8 Ekim 2010 Cuma

Lutfen


İstanbul, tarihinin en soğuk ve tatsız sonbaharını geçirirken yağan her yağmur damlasında, çakan her şimşekte, üşüten her rüzgarda, biraz daha arındığımı hissediyorum.

Geçenlerde, kızımı bir saatliğine özel eğitim terapisine bırakma süresinden yararlanıp gittiğim bir markette sırf alışveriş arabam biraz dışarıya doğru durmuş diye saçma sapan konuşan, hakaret etmeye çalışan orta yaşlı bir bayan ile karşılaştım. İnsanların böylesine sıradan ve kolaylıkla halledilebilecek bir mesele için böylesine enerji ve sinir harcamalarına ise hayret ettim. Hayatımda o kadar çok stres kaynağı var ki... başımı çevirip gittim... 'İnan bayan, başımda o kadar dert var ki, alışveriş arabası 10 cm. yana kaymış diye seninle kavga etmeye ne halim, ne zamanım, ne de enerjim yok' demek istedim... ama diyemedim... Sadece kadının hayatında önemsenecek daha önemli dertler olmadı için sevineyim mi üzüleyim mi onu bilemedim.

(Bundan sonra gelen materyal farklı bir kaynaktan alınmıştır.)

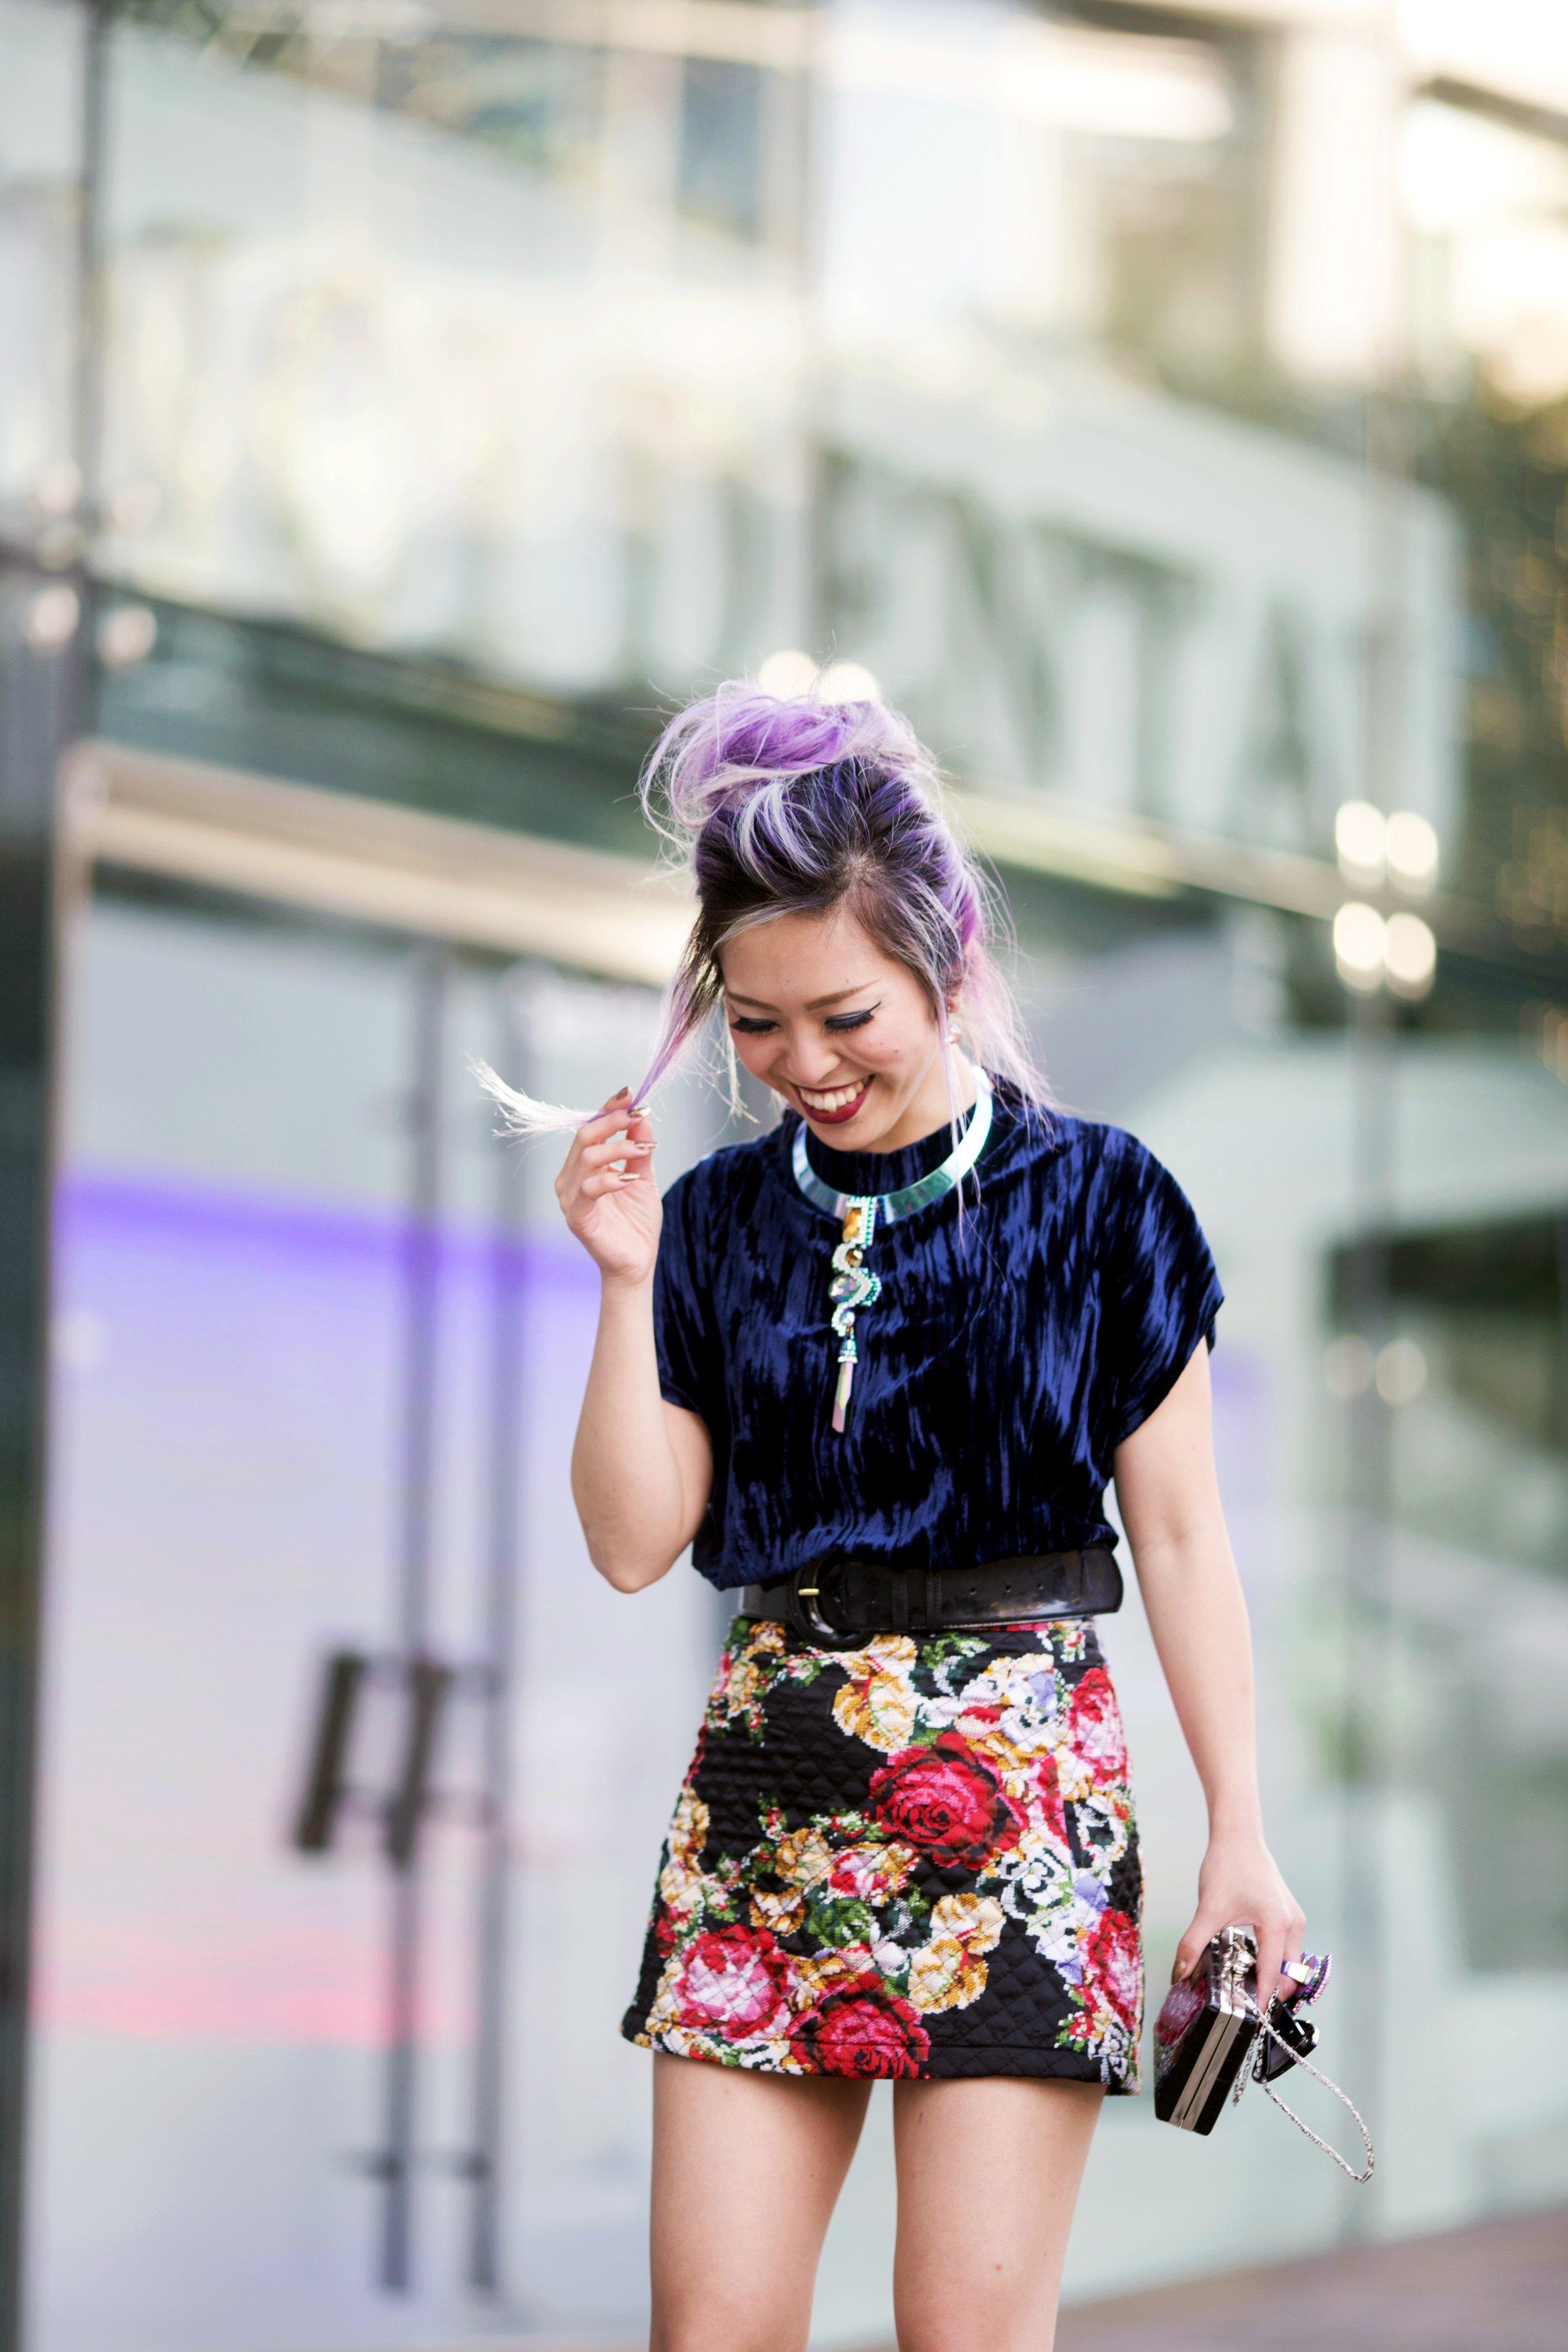 ZARA Blue Velvet Top_Forever 21 Floral Print Mini Skirt_Mango Patent Belt_Kate Spade Sheer Ankle Socks_Qupid Silver Pumps_Aldo Cateye Sunglasses_Swarovski Fluorescent Necklace & Fluorescent Ring_Aika's Love Closet_Seattle Fashion Blogger_Japanese_Lavender Hair_Mermaid Hair 11

Hayatları 'normal' olan insanlar... Lutfen yolda tanımadığınız insanlara haksızca (ya da haklıca) saldırırken iki kere düşünün. O kişinin 4 yaşında bir çocuğu olabilir. O çocuğa herhangi bir tanı konmuş olabilir. O anne yıllarını gözyaşları, üzüntü ve çocuğunu girdiği kuyudan çıkartma çabası ile geçirmiş olabilir. O anne o sabah uyanıp kızının binbir nimetten yoksun özel diyet için hazırlanmıs kahvaltısına tam 6 tane vitamin, mineral vs desteğini katmış ve işe yaraması için bildiği tüm duaları okumuş olabilir. Ve yine o annenin o küçük güzel çocuğu o anda sadece 1 saatliğine bir terapide olabilir. Anne de o bir saatin 30 dakikasını hızlıca alışveriş yapmak için harcamak zorunda olabilir. Aynı anne, 30 dakika sonra kızını hızlıca alıp şehrin diğer yanına gidecek, tanımadığı insanların kocaman bir kaskı kızının kafasına geçirmesine, yüksek basınç ile kilitlenmiş küçücük bir tüpün içinde 1 saat hapis kalmasına izin verecek ve o bir saati dualar ile geçirecek olabilir. İşte o anne için, o zaman, ne alışveriş arabasının 10 cm.lik konumu ne de sizin ok gibi saplanan sözleriniz umurunda olmayabilir.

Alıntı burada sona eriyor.